Com o acordo, a Globo revive a estratégia de divisão de custos dos direitos que no passado já foi feita com a Fox, Band e ESPN. A parceria seria ainda uma maneira da Globo estreitar a relação com a Amazon para dividir os custos de futuras compras de direito.

Libertadores apenas no streaming?

A expectativa é que os custos de transmissão de esportes disparem este ano, particularmente no futebol. Libertadores e Copa do Brasil, as duas competições mais importantes para os brasileiros, estão sendo negociadas neste período.

A prioridade é a Libertadores, seguida pela Copa do Brasil. A Globo já afirmou ter interesse nas competições, mas disse que não fechará os negócios se os valores não forem sustentáveis. Traduzindo, a Globo só comprará os campeonatos se não perder dinheiro. Desta perspectiva, uma parceria com a Amazon faria ainda mais sentido.
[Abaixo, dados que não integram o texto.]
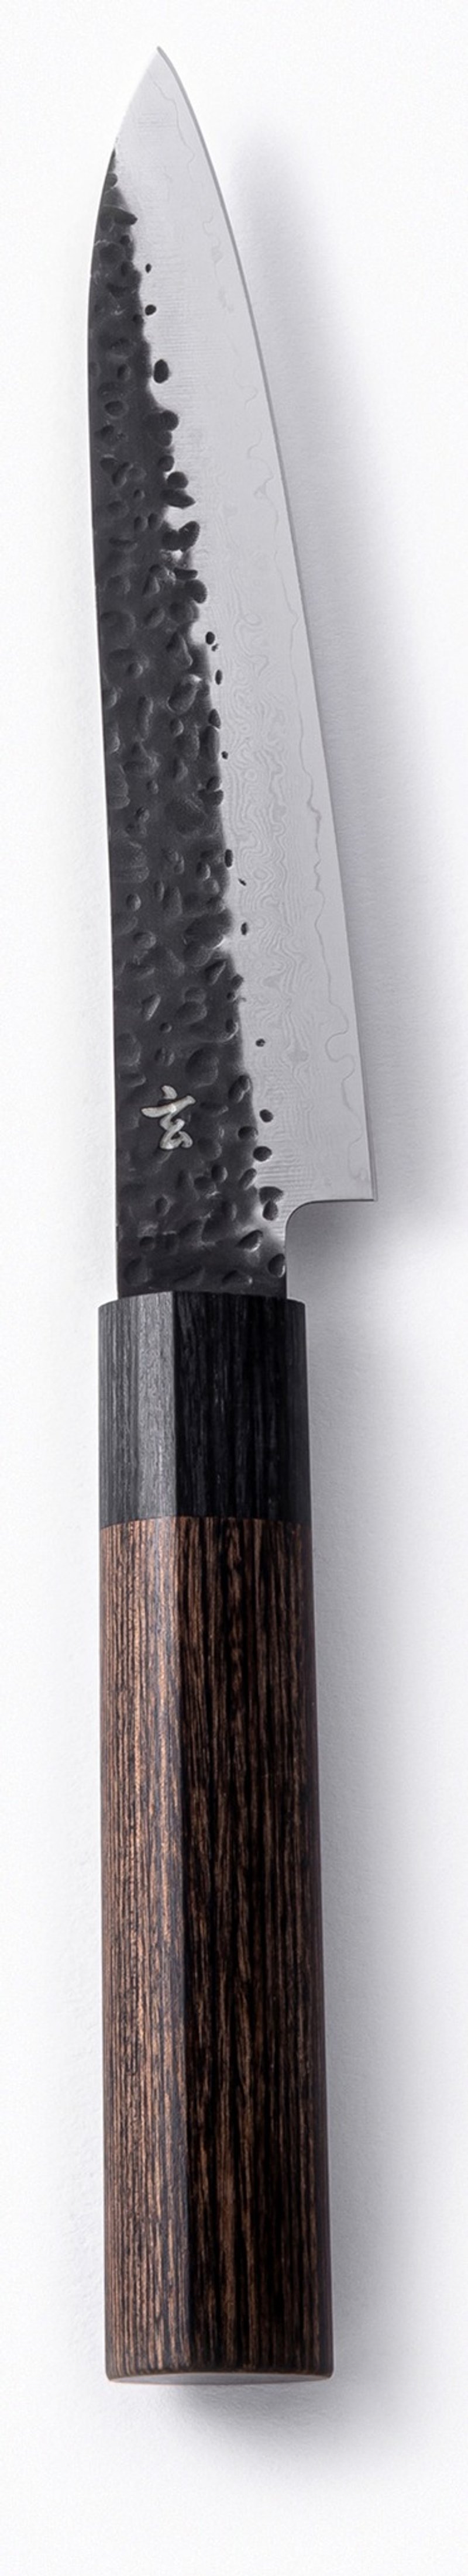 玄 / Petit knife 水果刀 - 菜刀/刀架 - 其他金属

Do outro lado, a Conmebol e FC Diez, responsáveis pela negociação dos direitos de transmissão dos dois torneios, afirmam em encontros com potenciais compradores que poderiam aceitar uma oferta de exclusividade de streaming, desde que ela seja financeiramente atrativa e não diminua a visibilidade do torneio. A informação foi dada em primeira mão pelo colunista Erich Beting, da Máquina do Esporte, e confirmada pela coluna.

A infraestrutura ainda é uma barreira no Brasil. "Se você observar a origem das reclamações das transmissões em streaming do Campeonato Carioca, verá que praticamente todas são de usuários de celular. A velocidade da conexão é nosso maior desafio e o 5G deve demorar para ser amplamente implementado no país", diz Marcelo.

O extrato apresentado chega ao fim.